→ Your instructions:
Write out the stretch of lines below that begins at the line with "The U-pick pumpkin" and ends at the line with "Engagement rate metrics", including both, exactly as given and nothing more.

→ Exercise materials:
= = =

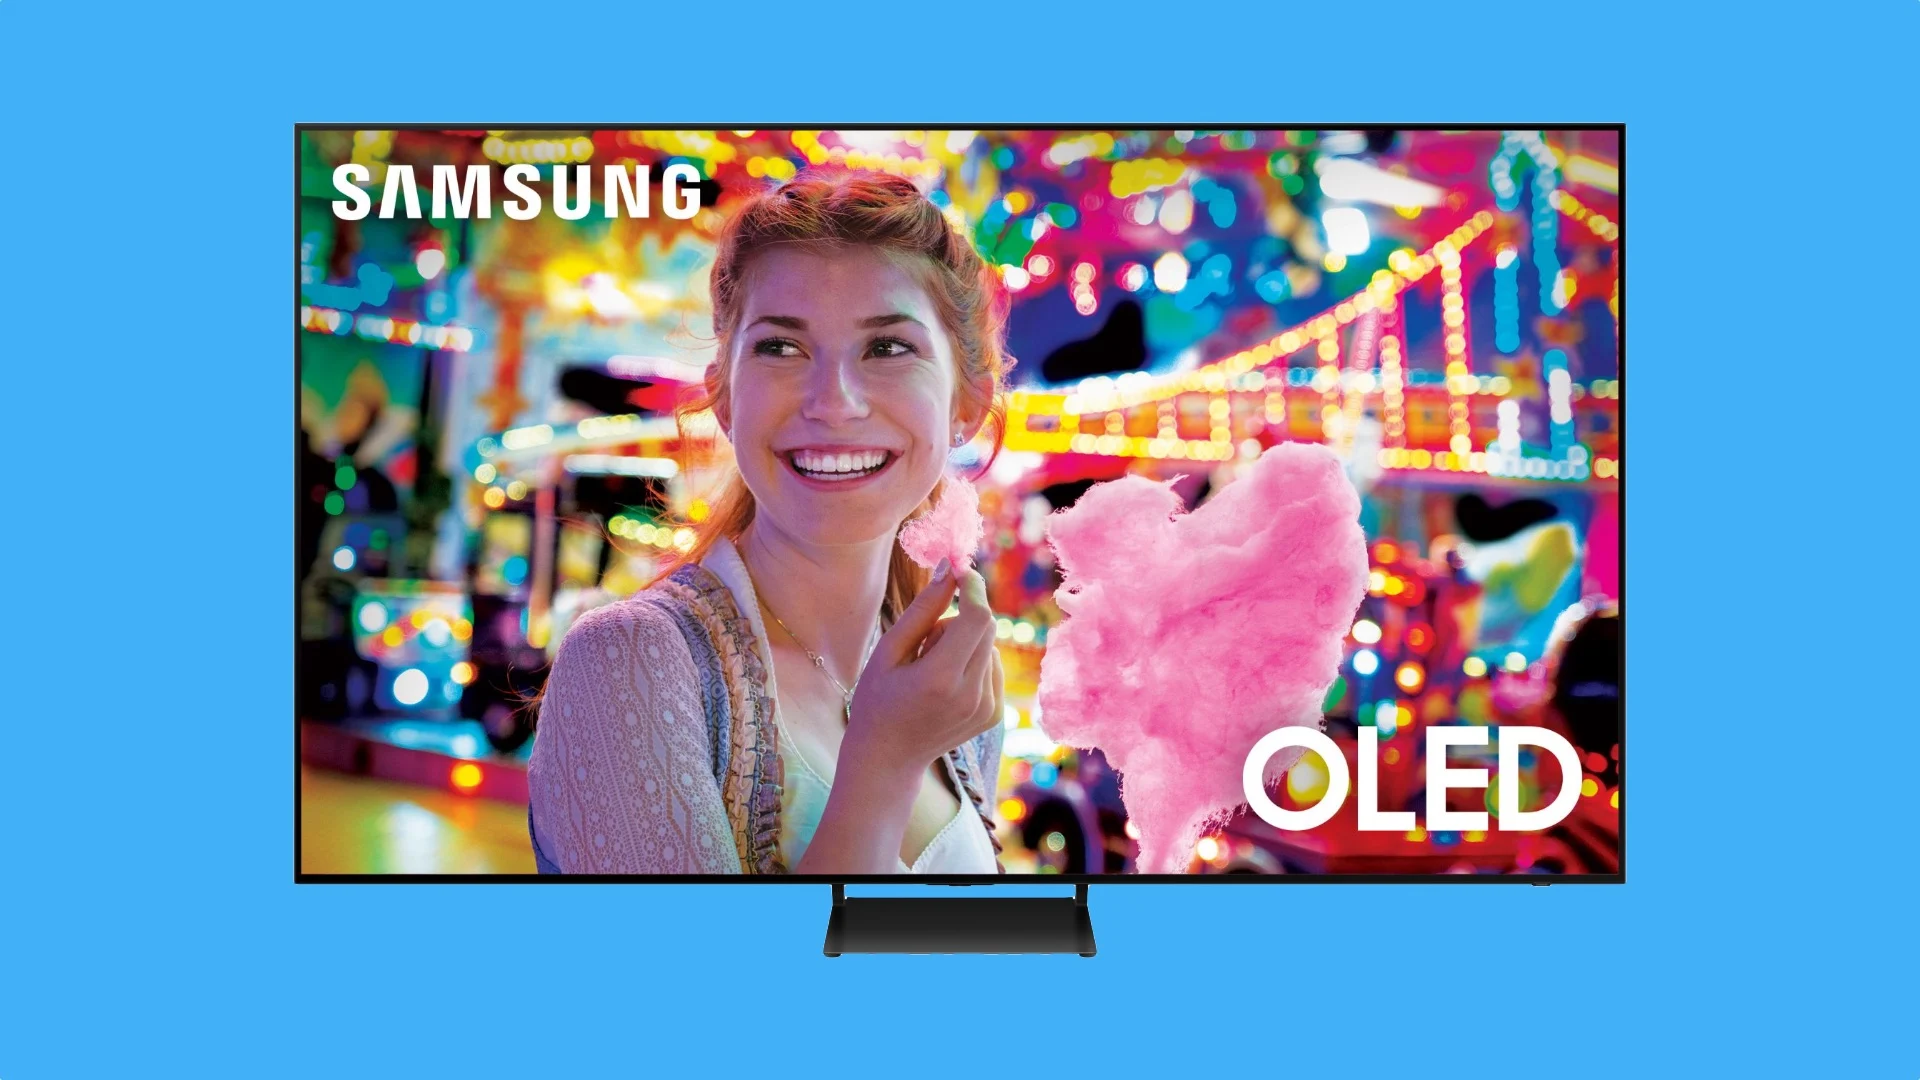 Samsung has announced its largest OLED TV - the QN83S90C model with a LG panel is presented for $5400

= = =

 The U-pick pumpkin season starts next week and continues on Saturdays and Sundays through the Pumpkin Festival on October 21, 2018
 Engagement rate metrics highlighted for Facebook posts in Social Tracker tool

= = =

→ Answer for the task:
 The U-pick pumpkin season starts next week and continues on Saturdays and Sundays through the Pumpkin Festival on October 21, 2018
 Engagement rate metrics highlighted for Facebook posts in Social Tracker tool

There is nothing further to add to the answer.